[Instructions for the task] Reproduce exactly, leaving out pictures, each line from the one holding "For the calm" through the final line of the listing, and add nothing.

[Provided data]
·····

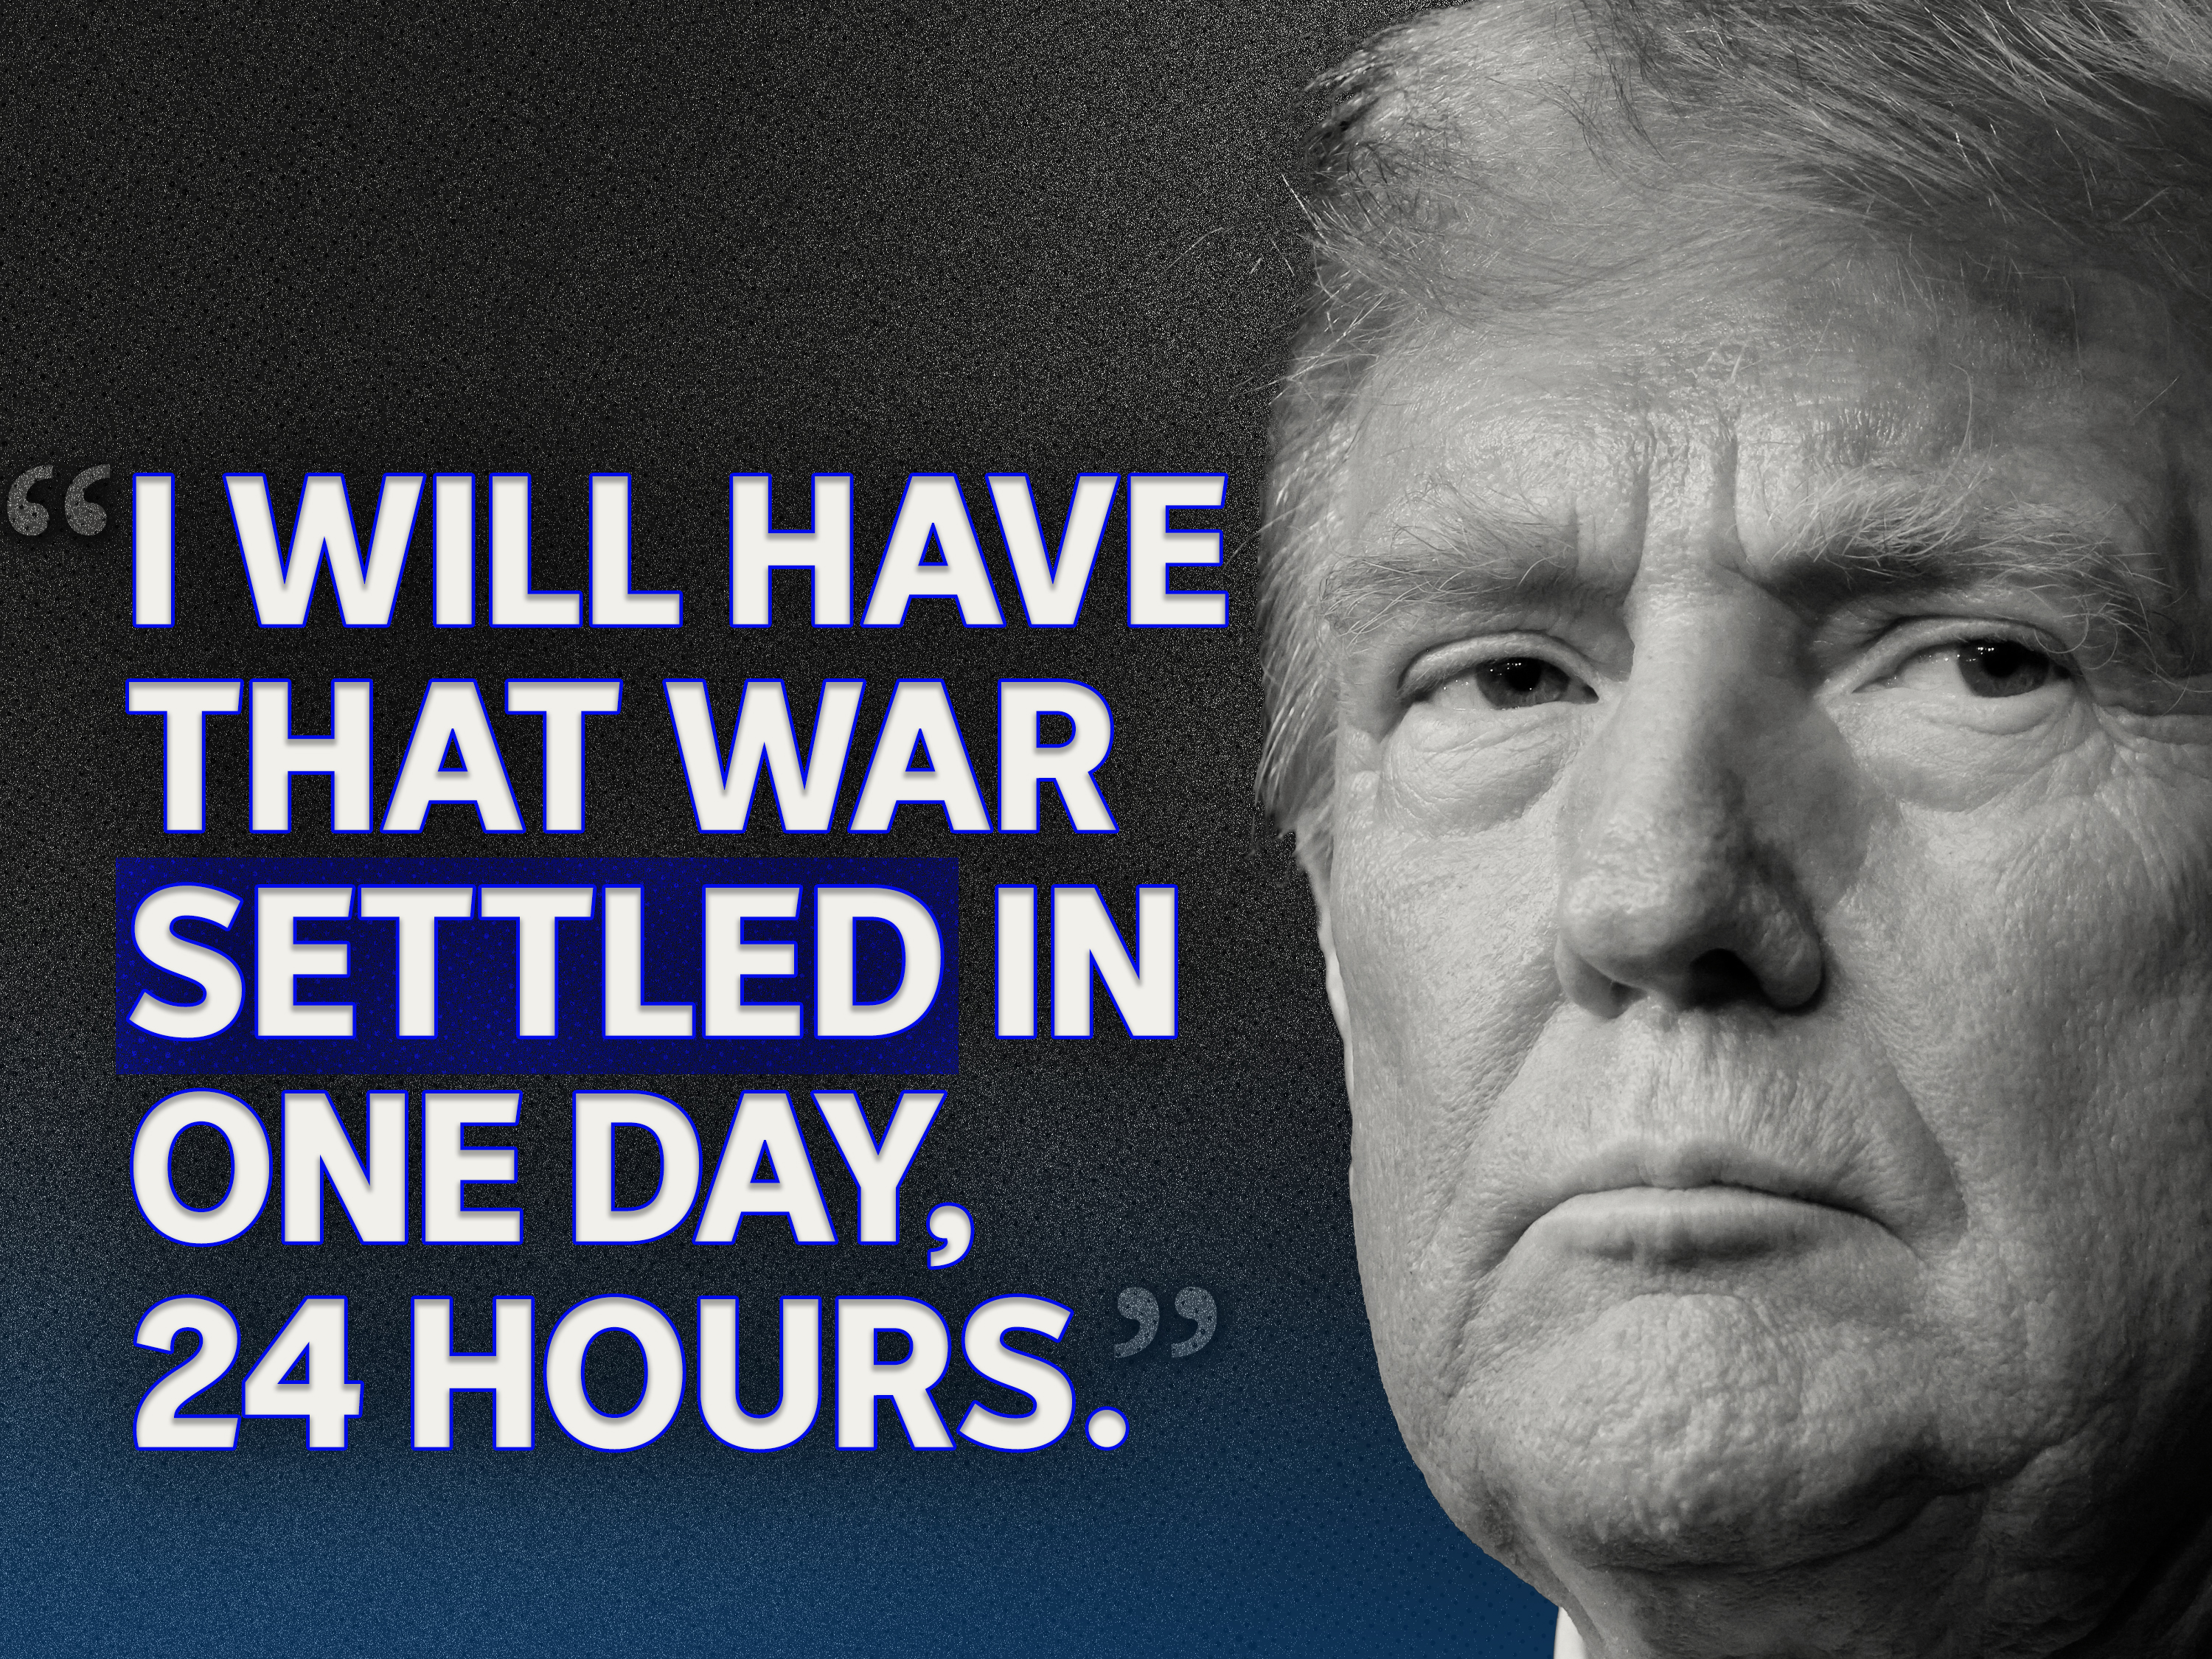 Donald Trump pictured with the words: I will have that war settled in one day, 24 hours.
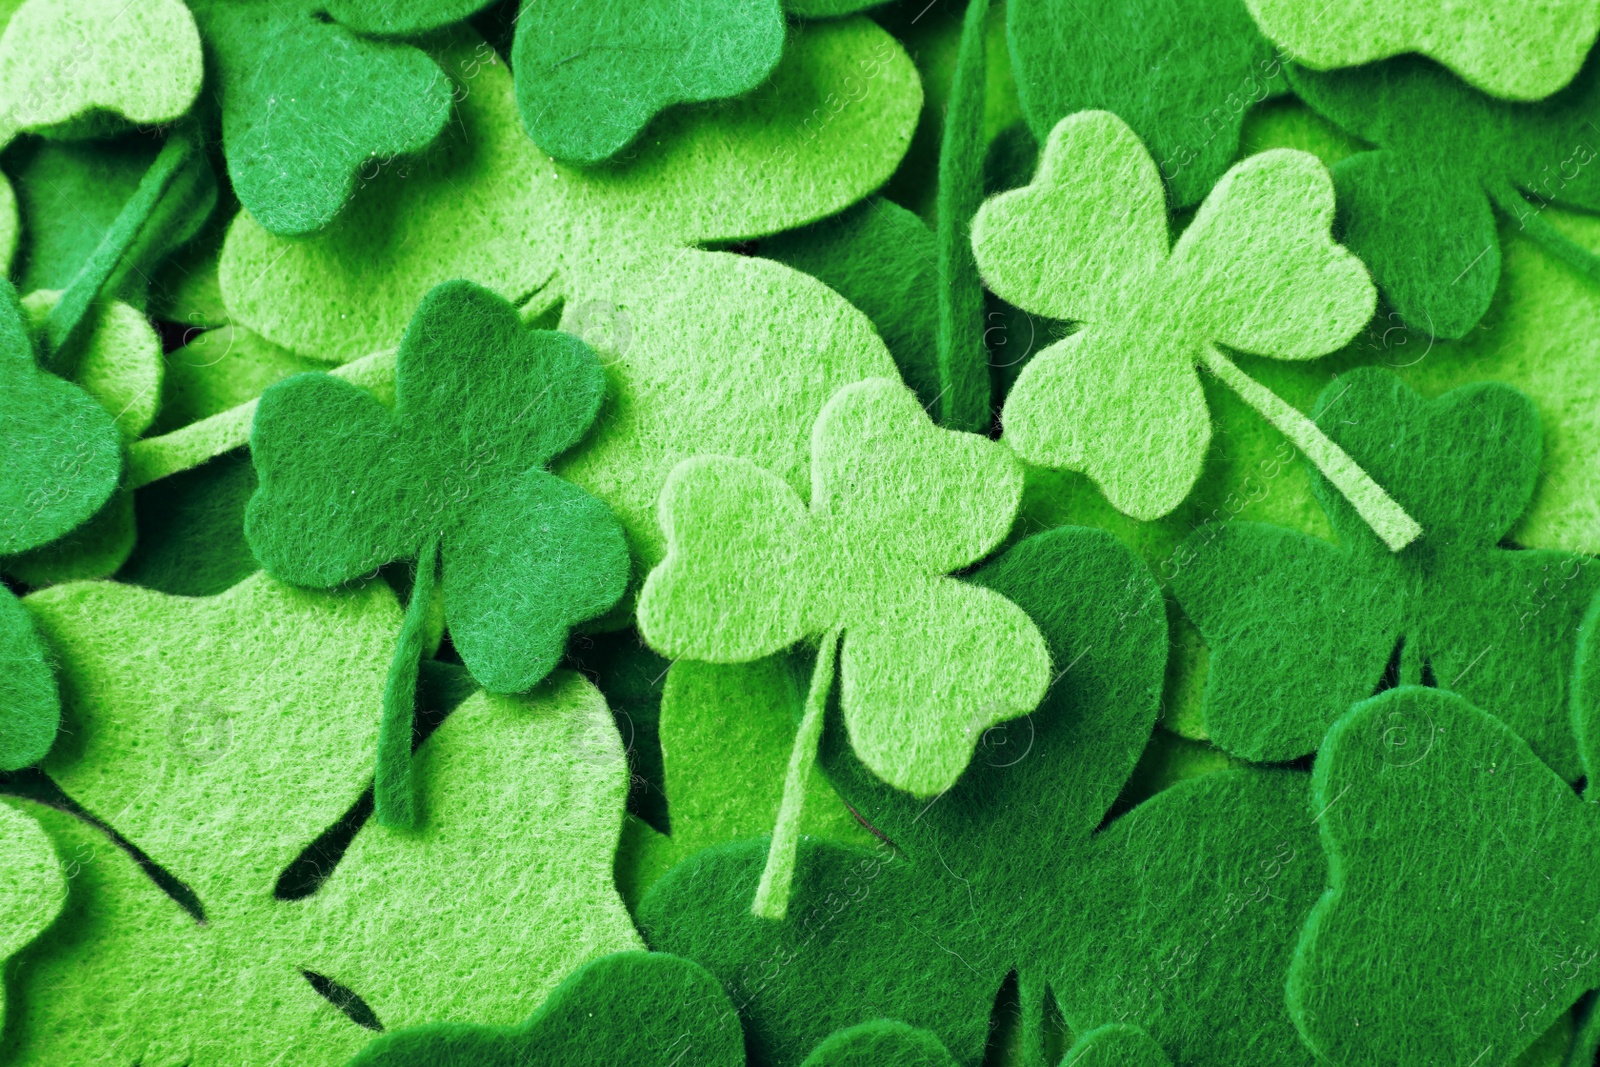 Photo of Green clover leaves as background, top view. St. Patrick's Day celebration
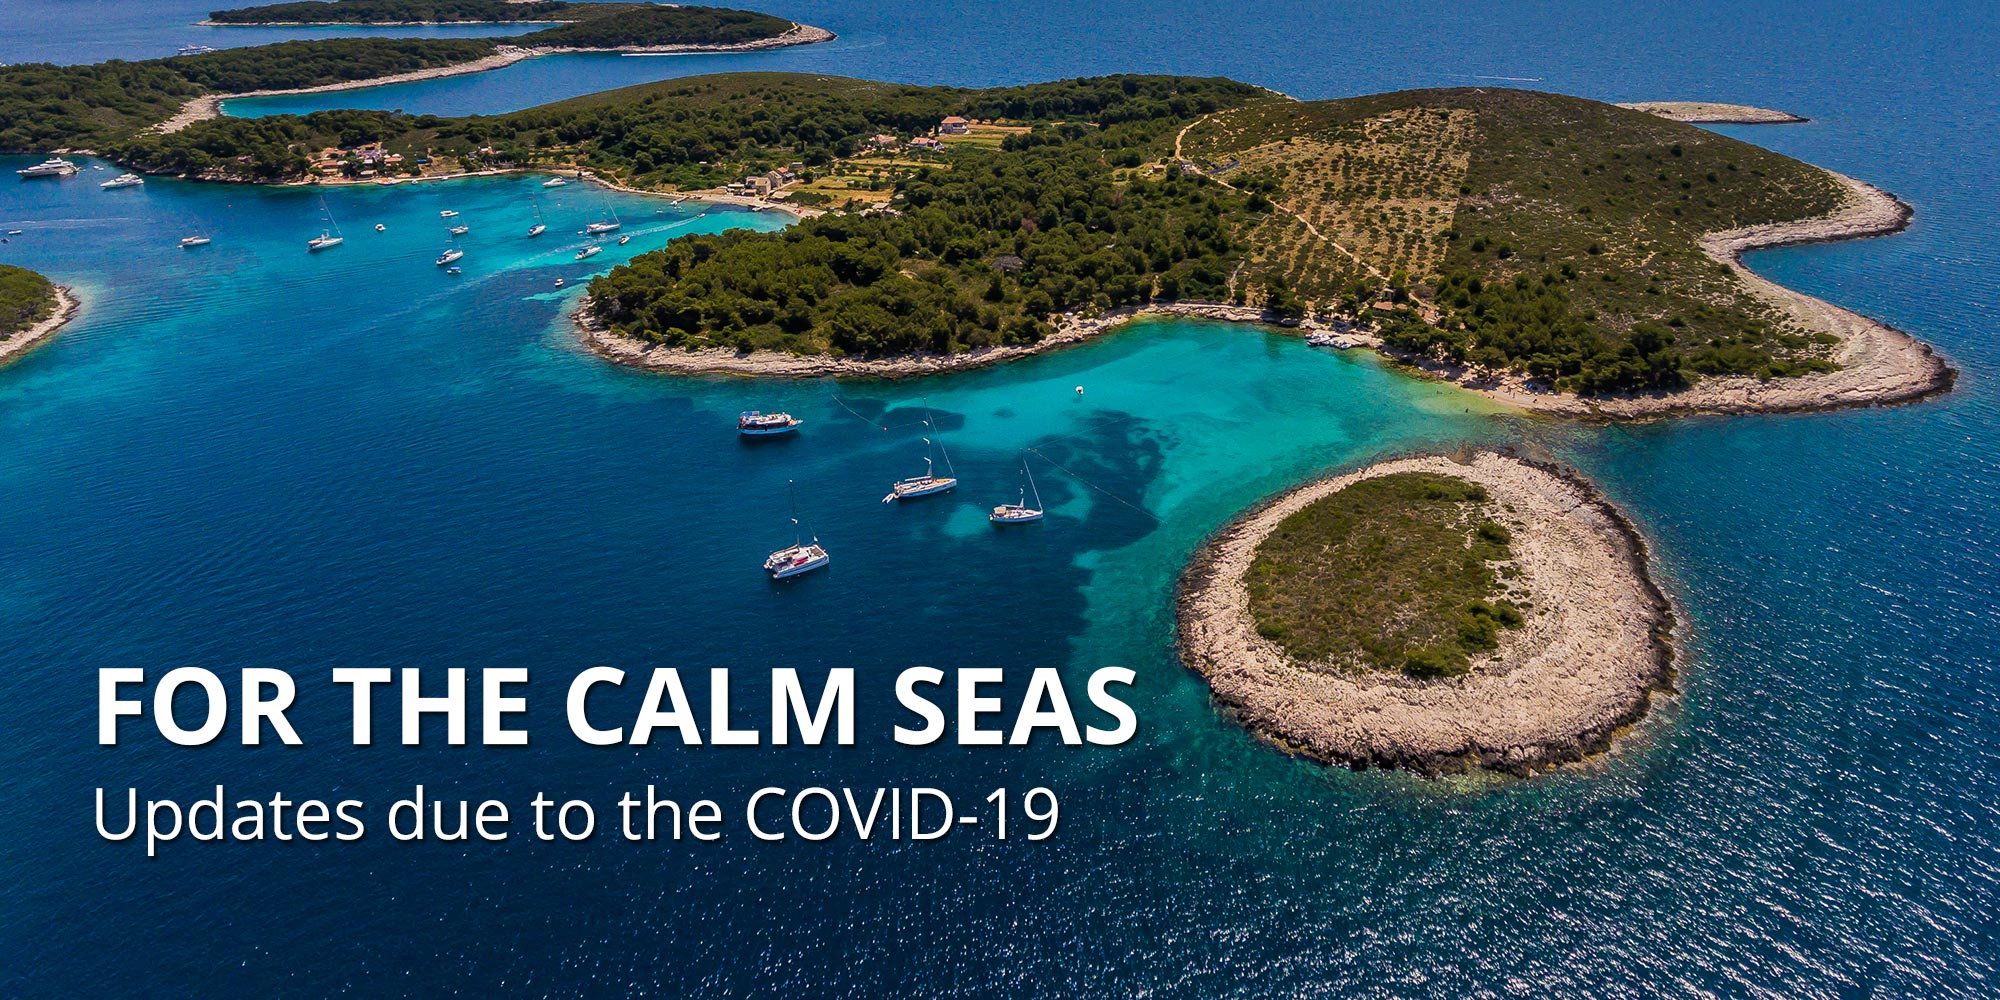 For the calm seas - Updates due to the COVID-19
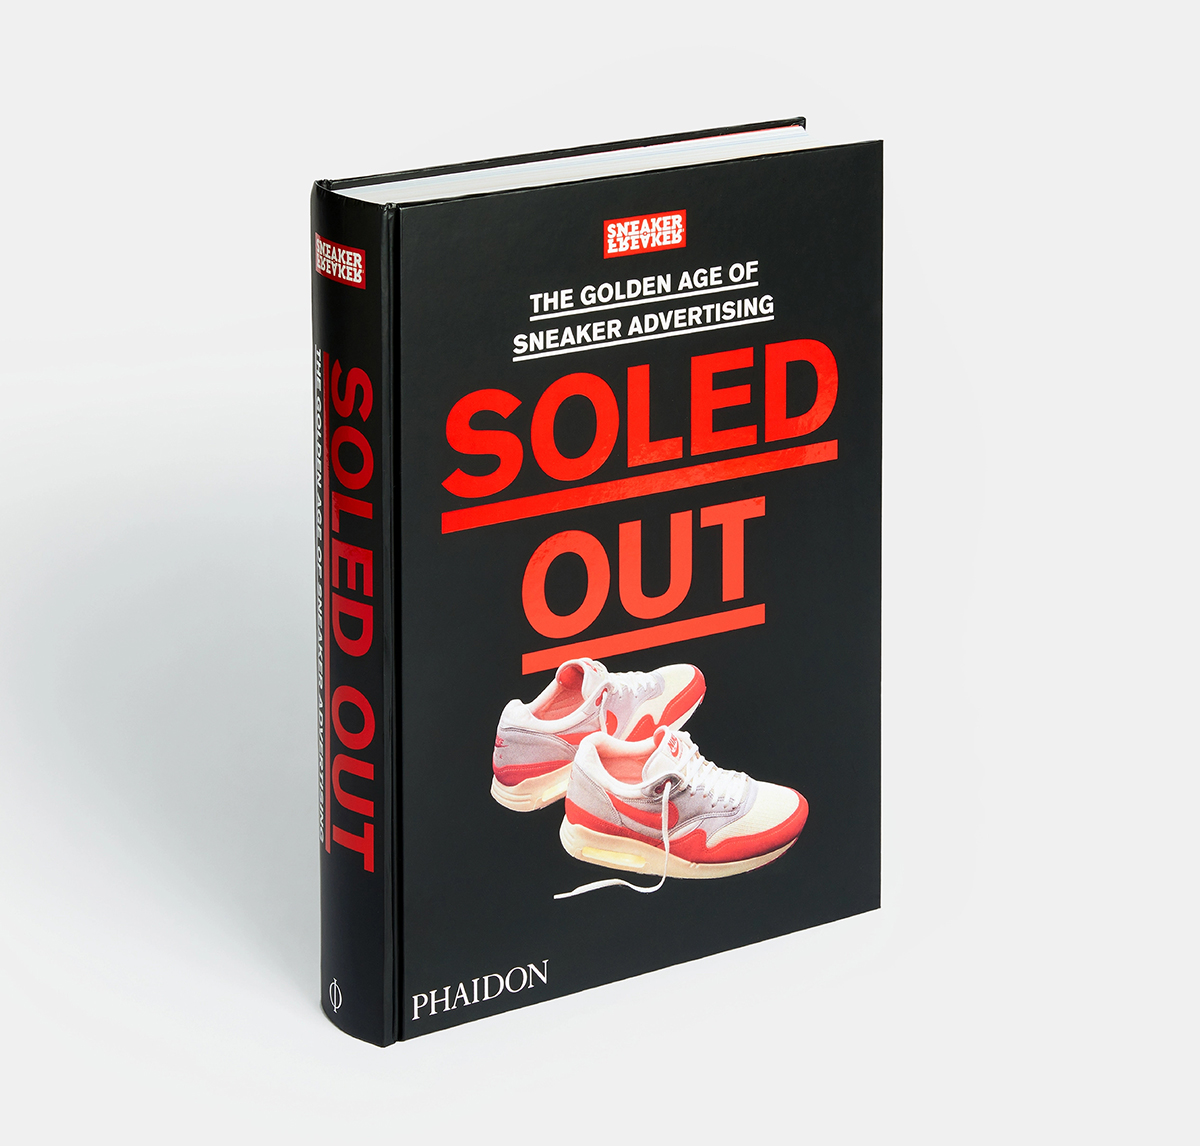 Sneaker Freaker Soled Out - The Golden Age of Sneaker Advertising side

·····

[Answer box]
 For the calm seas - Updates due to the COVID-19
 Sneaker Freaker Soled Out - The Golden Age of Sneaker Advertising side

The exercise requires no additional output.